Mdukatshani - Fifty Years of Beading

The homestead of Mcineni Dladla and his two wives, Buzukuthini Mtshali and Xinile Mvelase.

Electricity arrived in 2006, water in 2009. Although there wasn’t a ceremony for either, there should have been. The water was like a miracle. The women stood at the taps and watched it flow. On and off. On and off. An infinite supply to fill their containers for ever. The taps were communal, and the water would be sporadic, but just for a moment they could believe in the impossible. The days of fetching water from the river were over. They could rest their aching knees. One routine that didn’t change was the annual exodus to the highveld in search of thatch. Every winter a third of our crafters asked time off from beads to cut grass. They would be away two months, camping in the cold, counting their bundles into separate piles. The grass was free but it wasn’t cheap. One bundle for the farmer, one for themselves, with the added cost of a hired truck to bring the load home when it was ready. There was comfort in thatch which the old people missed when their RDP houses arrived. The first were completed in July 2012, square grey boxes of iron and cement with windows that let in the cold. Soon they would be part of the landscape, bare little houses, occupied with pride – but not by their intended owners. For they were a promise to the young, not the old. The youth liked the hemmed in modernity, the break with tradition, the cement and the iron. But the old wanted the warmth of a fire on the floor, and like the amadlozi , the family spirits, they needed to live under thatch.

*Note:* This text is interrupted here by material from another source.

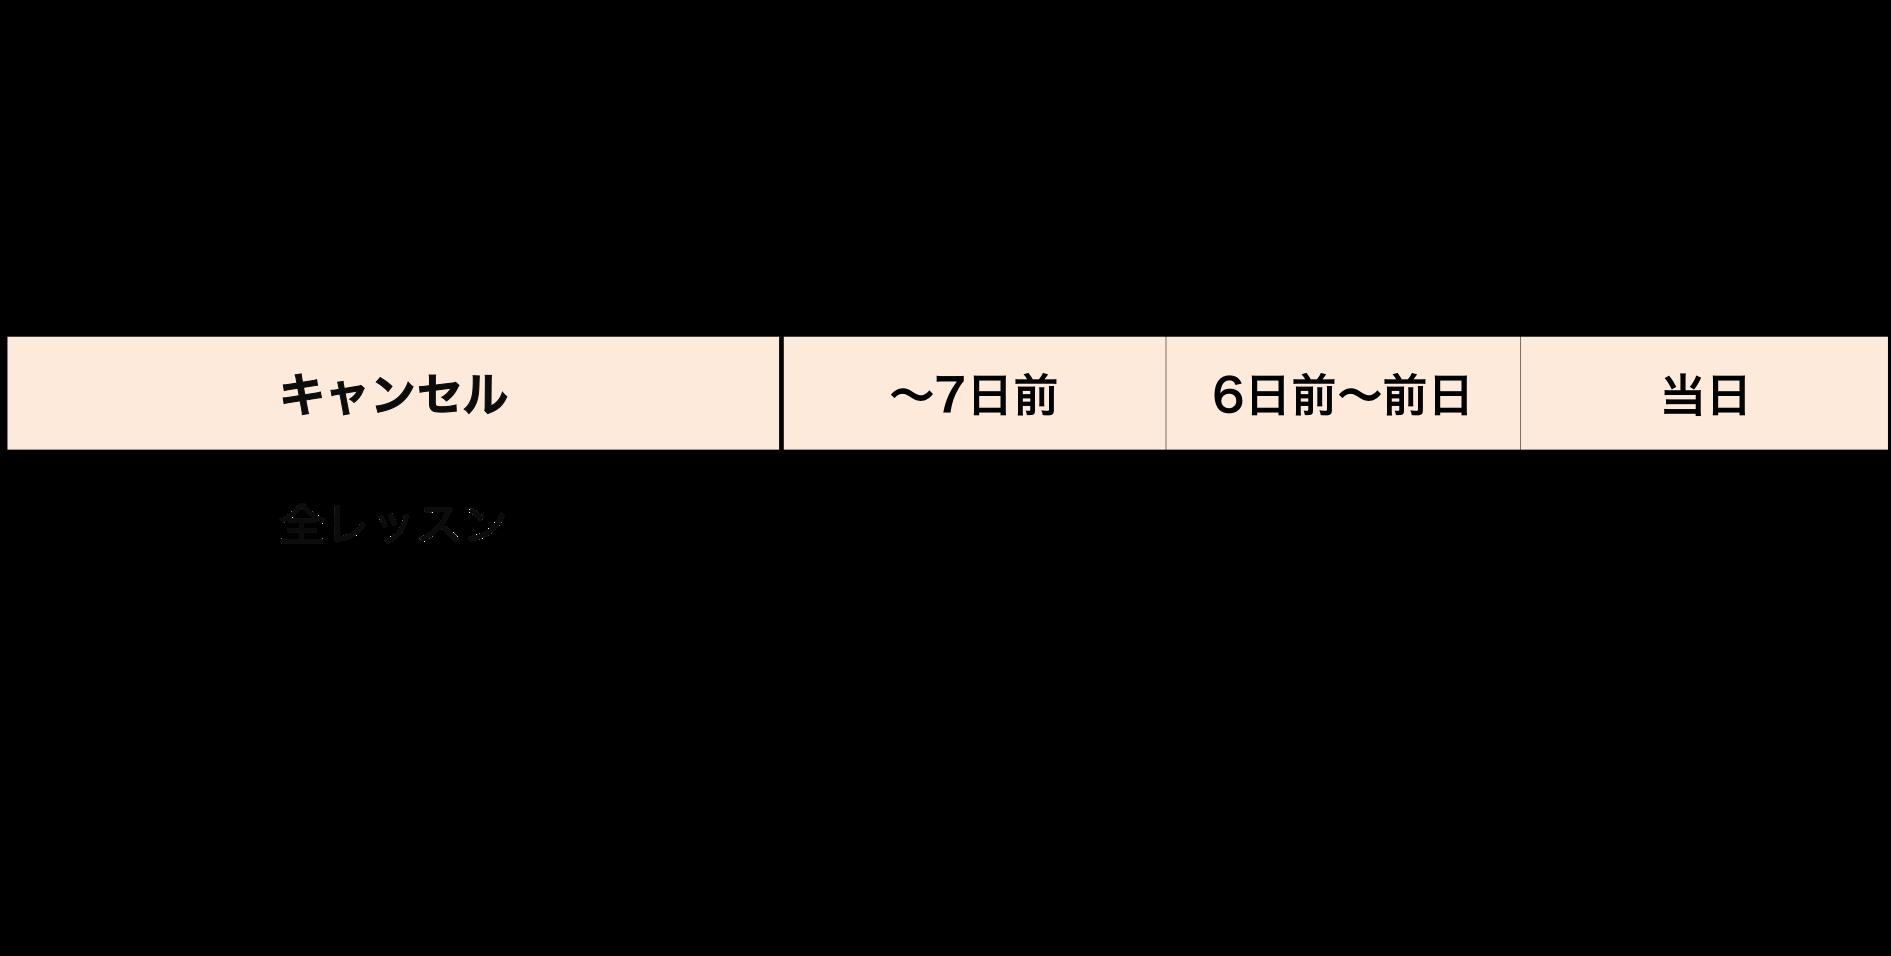 2017%e3%82%ad%e3%83%a3%e3%83%b3%e3%82%bb%e3%83%ab%e3%83%9d%e3%83%aa%e3%82%b7%e3%83%bc

First you collect the materials, then you build. Phumelele Mbatha has an exquisite hand for crafts but is not exempt from the toil of tasks at home, like collecting these rocks for a new building with her son Mdidiyeli.

Dhayimani Dladla and his family have rebuilt their home more than once since they were forced off Mdukatshani during the government removals of 1969. Today he is is back, sitting in the sun with his wife Kanyisile Masoka, a veteran beader. They have rebuilt on land returned to the Mthembus by the Mdukatshani Rural Development Trust. At rest at last.